MIS-based OTLs have been federated to ensure they can be attached to the same object type across MIS systems. That is, the MIS systems have adopted a common definition for the object types associated with infrastructure assets. Object-type data are semantically described.
Autonomous OTLs in MIS are federated with an enterprise OTL that has been created using open standards. The object types in the enterprise OTL have been mapped to an open standards-based classification system, which spans multiple infrastructure concepts. OTLs in the MIS can be semantically linked to identify and relate information.
The metadata associated with object types are managed for each MIS system. Object-type metadata are not managed at the enterprise level in an enterprise data dictionary. Therefore, there is no consistent definition of the object-type semantics at the enterprise level.
Metadata associated with the object types have been aligned across MIS systems and business functions to facilitate data exchange. A federated enterprise data dictionary has been created at the enterprise level to store information about object-type semantics.
Object-type semantics are defined in the enterprise data dictionary across asset infrastructure concepts (e.g., rail, road, pipelines, transit). Version control has been enabled on the object types in the autonomous systems used by each business function and at the enterprise level for the open standards-based enterprise OTL.
Business lines do not feel responsible for data quality, seeing it as an IT problem, with no specific policy and poor internal data trust, leading to experience-based decisions. No official agreements with third parties exist, and any informal agreements are not recognized by top management.

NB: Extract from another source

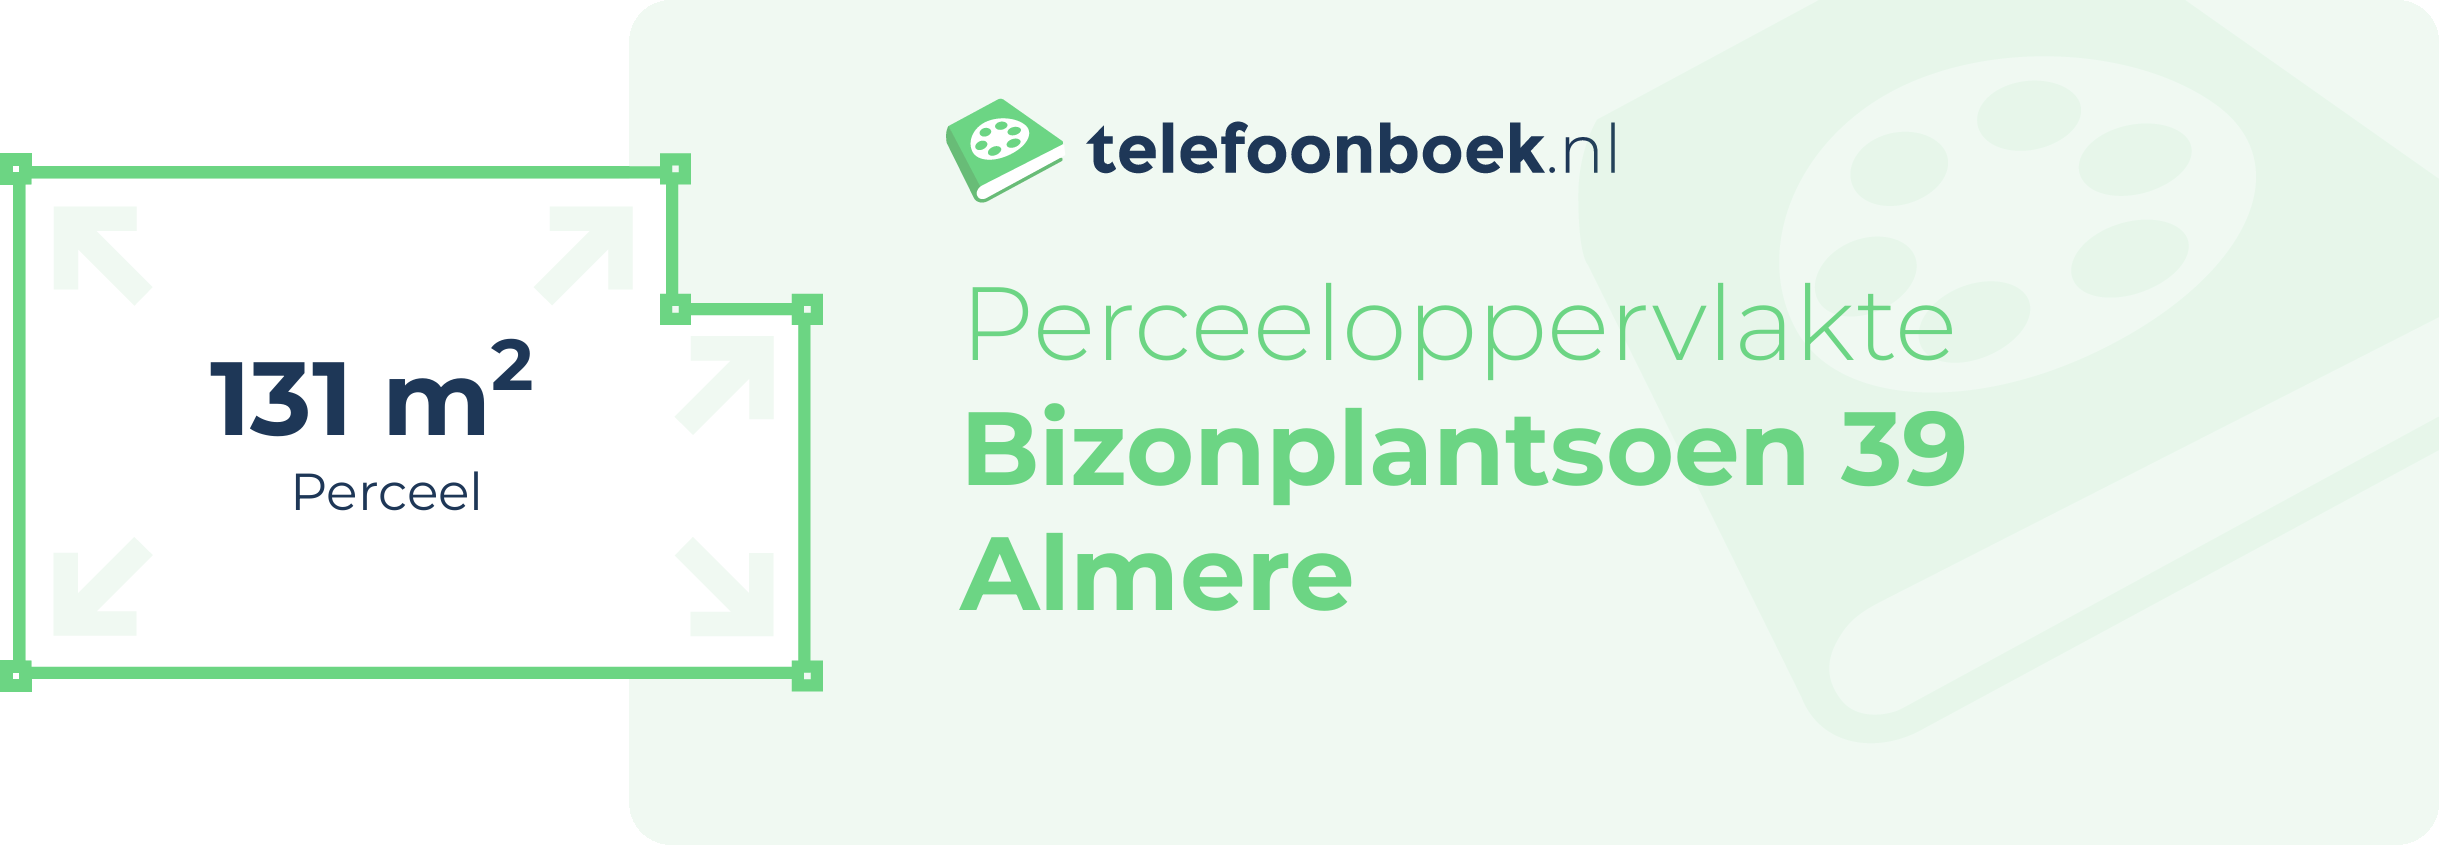 Perceeloppervlakte Bizonplantsoen 39 Almere

A DQM framework has been defined and invested in with policy, responsibilities, metrics, and goals and means to follow objectives. Data are collected under a controlled process. Business lines agree that they are part of the data process.
DQM is embedded in the data governance culture with ongoing assessments and pilot automated models, including RPA and AI. Data quality indicators are monitored according to policy, with shortcomings identified and mitigated until objectives are achieved.
No assessments support data use outside the originating functional unit, with limited understanding of the data asset inventory. Data quality issues are identified too late, causing inconsistent results, and solutions for external data needs are disruptive and inefficient.
Data assessment has been piloted for core assets, identifying quality issues but without addressing the root cause. Local workarounds exist, and data models are mapped and used by transformation tools. Readiness assessment inventory efforts are captured in portfolio management tools.
All prioritized data assets have been assessed, with improvement recommendations backlogged and aligned to use roadmaps. Business lines are enhancing data quality through organized capabilities and capital programs linked to data improvements, adding value to core activities. Agreements with third parties are signed, with regular performance measured and managed.
Data assets are published for single use, not for self-service discovery, and are not easily accessible to other units, complicating cross-functional interoperability. Data reusability is hampered as original creation does not consider requirements beyond compliance and system needs.
FAIR principles are applied to high-priority core data assets. Internal data trust depends on identifying known issues. While no formal agreements exist with third parties, solutions are in place for data mismatches. Data lineages are mostly identified, with key segments included in business processes but not always through data stores.
Trust and satisfaction in data FAIRness is high. Most datasets have high FAIR scores. Data assets have moved to delivery platforms, and investments in delivery platform services allow for maintaining high FAIR scores.